Not sure why it would destroy investment. Prodcuers are always looking to optimize and increase efficiency. Couple this with dimishing volatility that should come with higher capitalization of bitcoin, and people will see more value in continuing increasing production efficiency rather than just holding an asset with lesser returns netted through flat price of the asset being held.
do you run a Bitcoin business? if not, maybe take a clue from someone who does. the note says they expect to LOSE money because of Bitcoins deflationary nature. your word salad is just armchair fantasy.
"producers will become more efficient" isnt a "logical argument that stems from free market dynamics" you make it sounds like a graduate thesis. the fact is increases in efficiency will have to AT LEAST beat the rate of deflation. and as our example illustrates it isnt easy to do. Bitcoin is a deflationary SoV, why spend if you just end up with less purchasing power? inb4 "muh theoretical increases in efficiency"
Under the fiat system, standard practice, investors discount future cash flows for inflation because they know the money will be worth less later. However, with Bitcoin, the opposite happens: future purchasing power is likely higher than today’s, due to its fixed supply and increasing adoption. So instead of discounting for inflation, you apply a premium for Bitcoin’s appreciation. The result? Even if an investment returns fewer bitcoins in the future, the real buying power could be far greater. Just as we adjust for loss under inflation, we can adjust for gain under deflation. This flips the script: sound money doesn’t kill investment — it makes it more intentional, more productive, and more aligned with long-term value creation.
If we are just defining inflation and deflation based on prices of good/service going up or down, then bitcoin has inflation at least once every 4 years, HUGE inflation. I’d argue you’re more likely to spend when pricing are going down then up. I spend more bitcoin when shit is cheap then when it’s expensive in bitcoin terms.

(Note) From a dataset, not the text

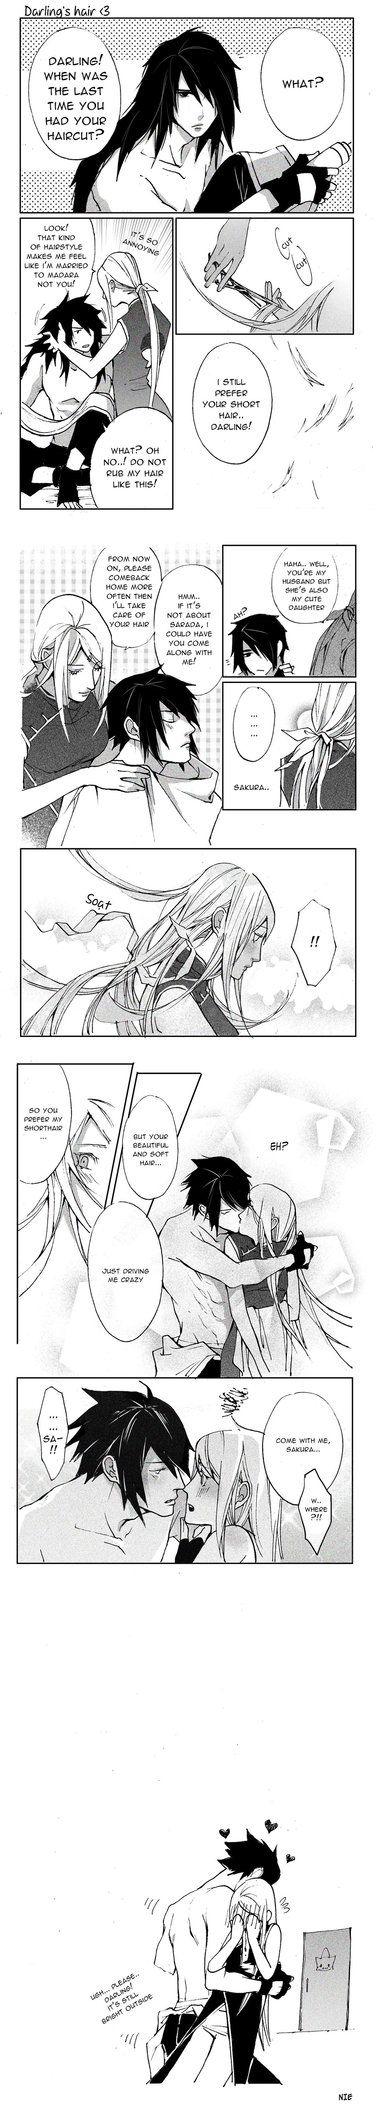 Naruhina: An Uzumaki Christmas Pg3 Source: ゆっぺ (1) Translation: (x) Naruto © Masashi Kishimoto

Come on now, this isn't a rocket science, just basic macroeconomics applied to an unconventional monetary environment. You said, “except in a deflationary environment the deck is stacked against you.” But that’s not how it works. As Bitcoin matures and its price becomes more stable, its appreciation slows – just like with any large, established asset. This means the return you need to justify investment goes down. Look at like risk-free rate going down. Eventually, even modest productive gains look attractive compared to just holding Bitcoin. Deflation doesn’t punish investment — it raises the bar. Only the best ideas get funded. That’s not the deck being stacked against you, it’s the market rewarding real value instead of noise.
nobody knows where equilibrium will be reached. deflationary environments penalize spenders. its just a fact. just saying "aha! but if you create value faster than then money increases it doesn't" isnt news. it just depends on details and nuance nobody knows the answer to. like "how fast is the economy growing" and "how do credit markets work on a hard money standard" so its pointless to argue about.